Asked about the inspiration about the book, Baum said that the process of inspiration for the book was Dickson “and I happily came along, because it’s really in synchrony with things that I believe that it was an opportunity to meet really interesting people that I would never have access to – the big guys, the famous guys and then the ‘little guys’ – the little guys who are not little at all – but are the people who are less well known.”
From victims of terror to Ethiopians who journeyed to Israel against all odds, to figures like Natan Sharansky and Tal Brody, these are the stories of resilience that inspired the authors.  
“They’re all very interesting stories and they are stories that need to be told, and it was great sitting with them for hours and listening,” Baum said, adding that “it was an amazing experience.”
For Dickson, the idea for the book began six years ago.
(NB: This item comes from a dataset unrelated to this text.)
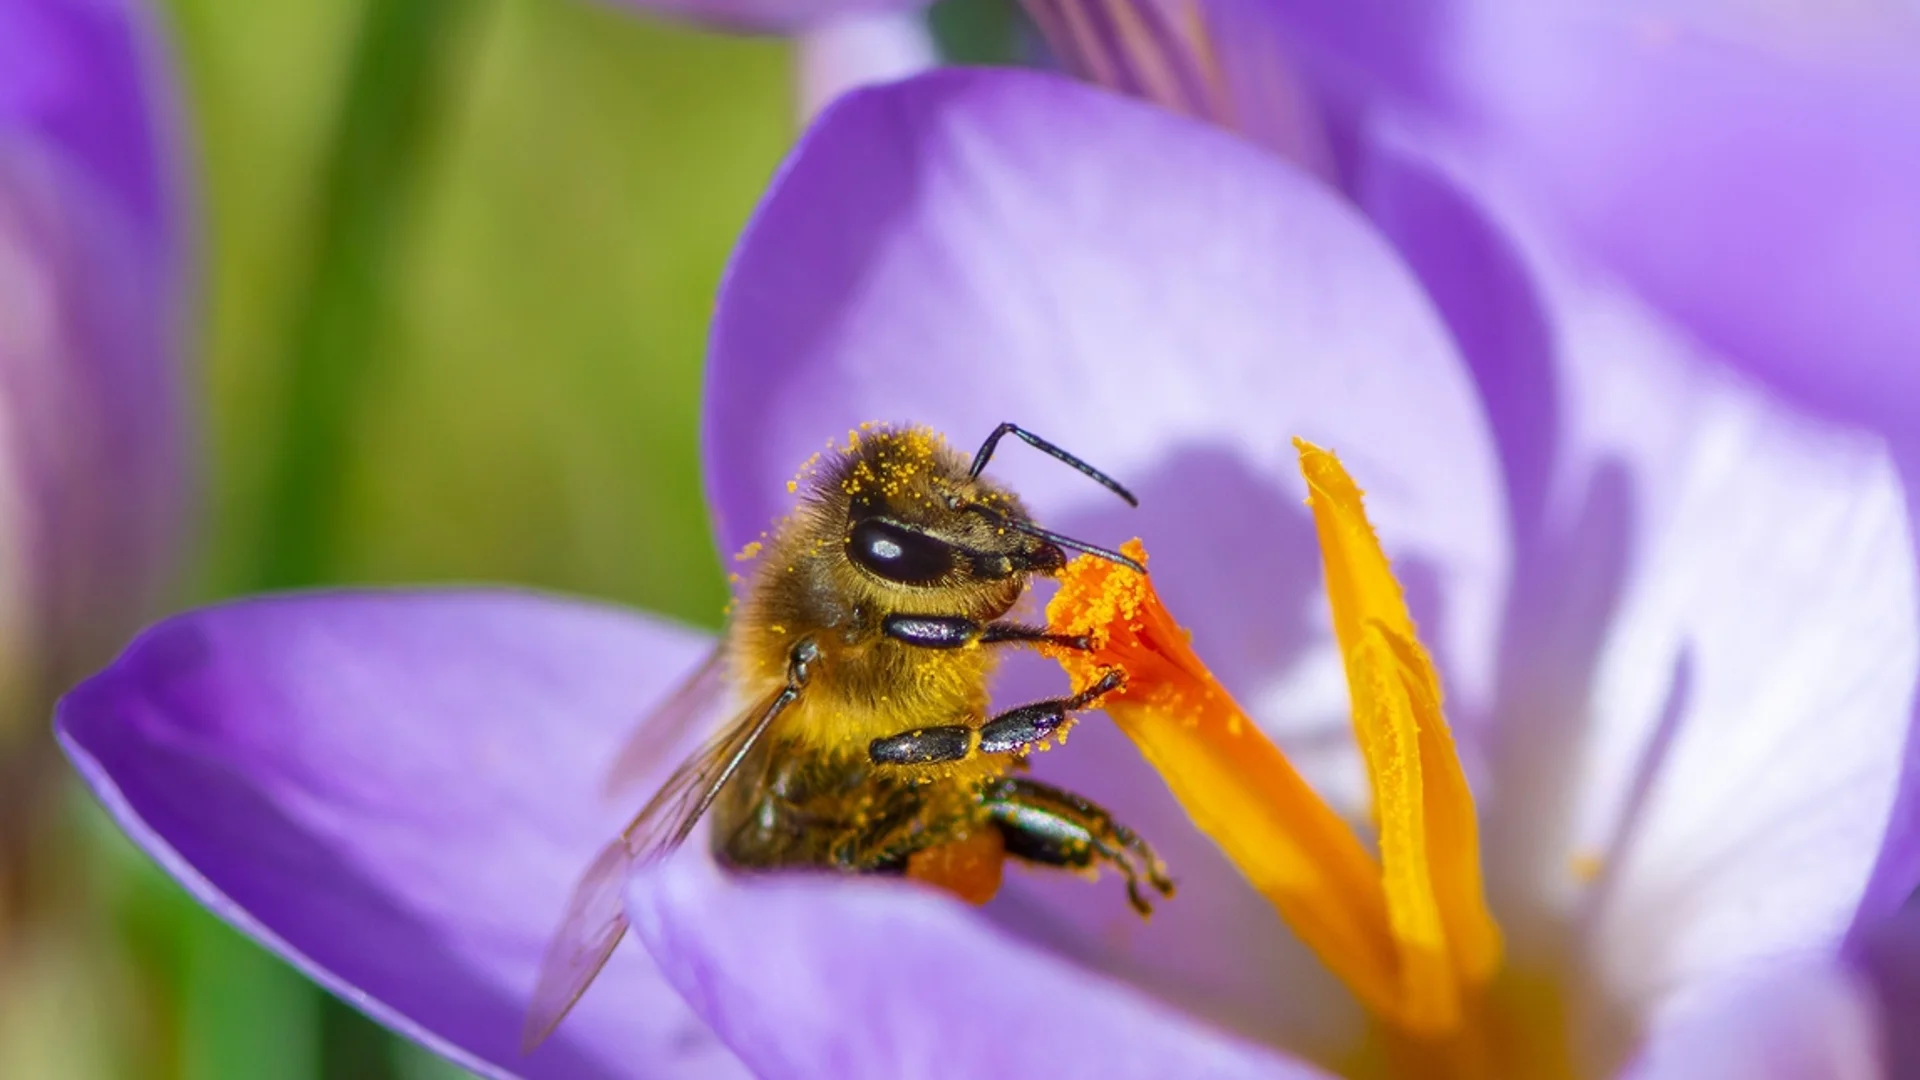 Цветя, които ще привлекат пчелите във вашата градина
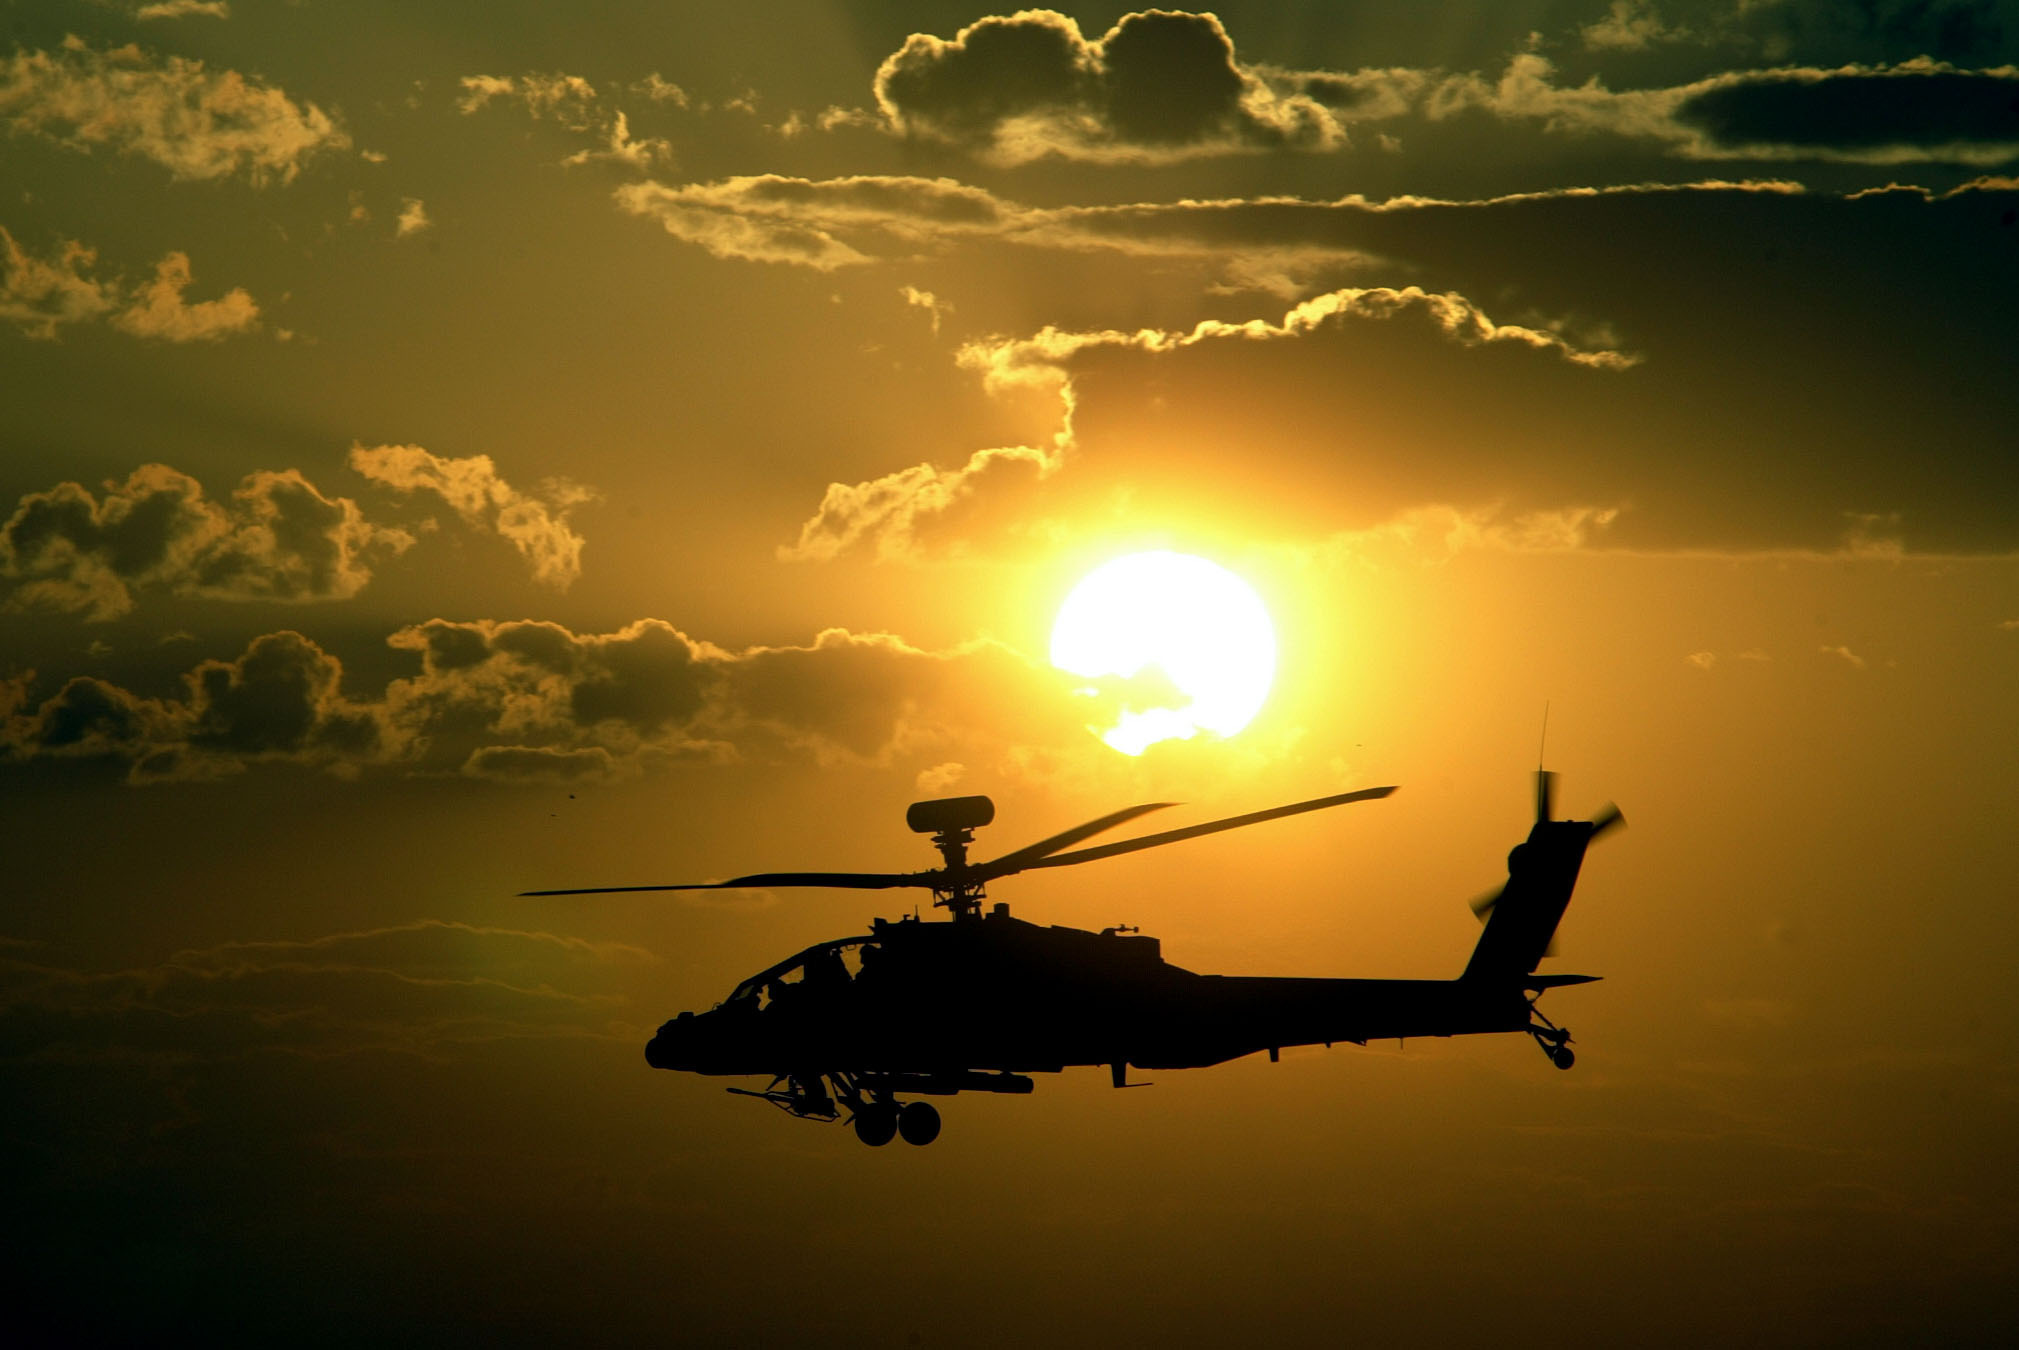 Обои военная тематика. Апачи вертолет. Ah-64 Apache в небе. Военный вертолет. Военная тематика.

“I was amazed by how Israelis persistently propel themselves forward despite the daily stress of not knowing what will happen in a dangerous region and facing very real threats from war, trauma and terror,” he said. “I was fascinated by exploring what makes Israelis so resilient. One of the surprises and highlights was how willing all these amazing personalities were to be a part of this project.”
Baum said the duo worked really hard to have one voice or narrative in the book, “and I think I think we were successful.”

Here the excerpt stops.